# Civic Matters > Suburban & Other OK Communities > Norman >  New Campus Corner Midrise

## HangryHippo

A very exciting proposal for Campus Corner (article and picture from Mack Burke's article in the Norman Transcript):

http://www.normantranscript.com/news...f57509606.html

5955d20e159bb.image.jpg

----------


## Martin

i couldn't place debarr, so i looked it up... this will be pretty great if it happens.

----------


## LocoAko

Fantastic. We need more developments like this (though I had to smile at the Transcript article, which referred to the 6-story building as a "high-rise").

----------


## Pete

It's amazing to me it's taken this long for the area around Campus Corner to take off.

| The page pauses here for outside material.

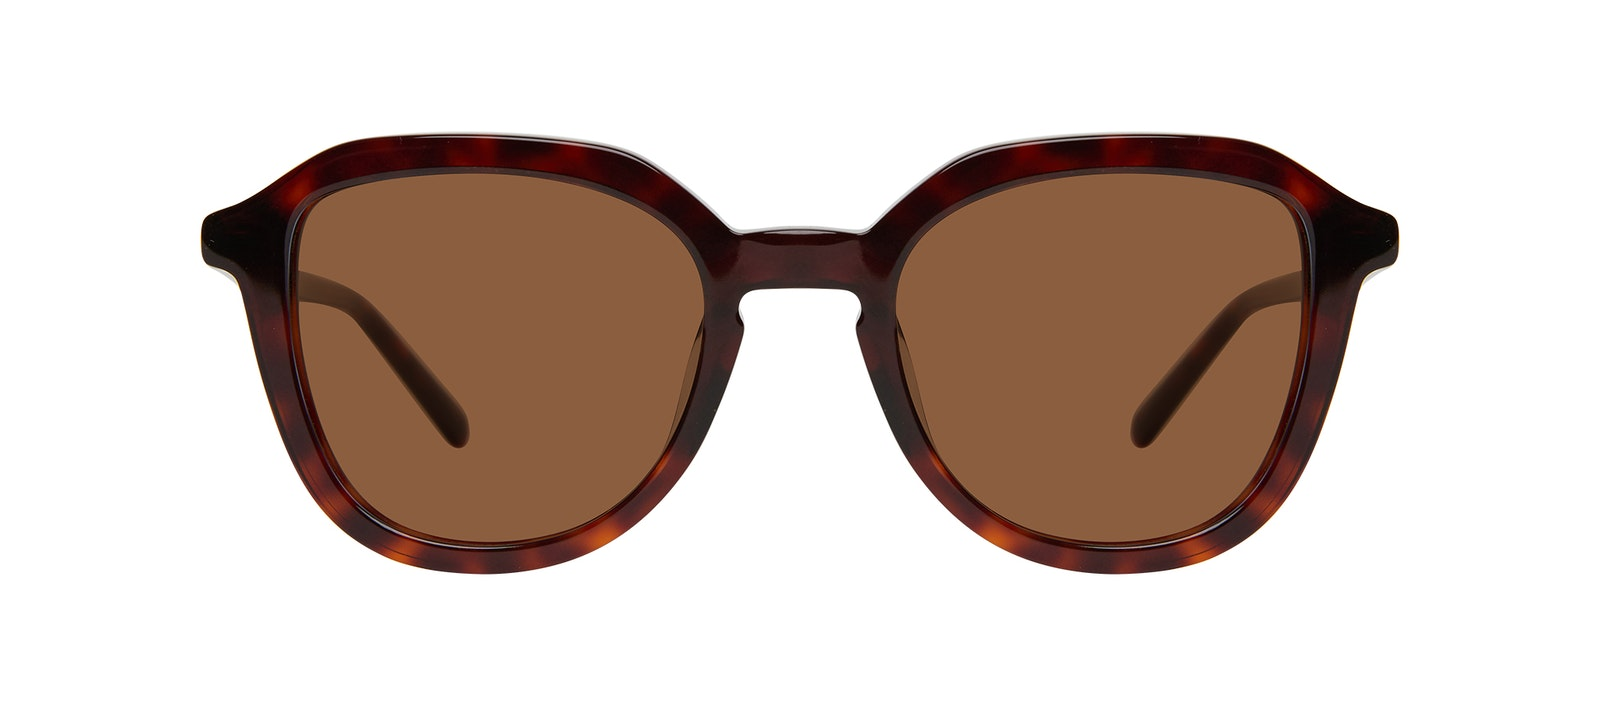 Affordable Fashion Glasses Square Sunglasses Kids Art Junior Tortoise Front

Such a great spot and relatively under developed.

----------


## HangryHippo

There were some additional renderings posted on the architect's Facebook page and they look great as well.  I really hope this project succeeds.

----------


## mugofbeer

I have concerns that, as an office building, it will just stoke the traditional fears in Norman of traffic problems.  I can see for 10-15 minutes after 5, there may be a rush to leave, but the building isn't big enough to cause much more of an impact than that.  Personally, I would love to see a condo type mid-rise built.  I'd love to invest in some.

----------


## HangryHippo

> I have concerns that, as an office building, it will just stoke the traditional fears in Norman of traffic problems.  I can see for 10-15 minutes after 5, there may be a rush to leave, but the building isn't big enough to cause much more of an impact than that.  Personally, I would love to see a condo type mid-rise built.  I'd love to invest in some.


I mean no disrespect, but 10-15 minutes after 5 is hardly anything.  I'm with you about condos though.  I'd love to invest in some.

----------


## Plutonic Panda

Just strolling through not mentioning my definition of a mid-rise. 

This will be a nice addition to the area!

----------


## Pete

From https://www.facebook.com/TheMcKinney...hipArchitects/ :

----------


## mugofbeer

> I mean no disrespect, but 10-15 minutes after 5 is hardly anything.  I'm with you about condos though.  I'd love to invest in some.


I'm in full agreement with you.   Its the segment of Norman residents who want to keep it looking like a small town that concerns me.

----------


## Bunty

Hopefully, the multi level garage won't be a God awful eyesore.  That how they design such garages near the OSU campus.

----------


## BG918

This looks great.  So this replaces Campus Market and the small retail strip and parking lot to the north?

----------


## HangryHippo

> This looks great.  So this replaces Campus Market and the small retail strip and parking lot to the north?


That's my understanding.

----------


## OUman

Looks pretty cool. I'm wondering though is this purely for office space with retail on the ground level?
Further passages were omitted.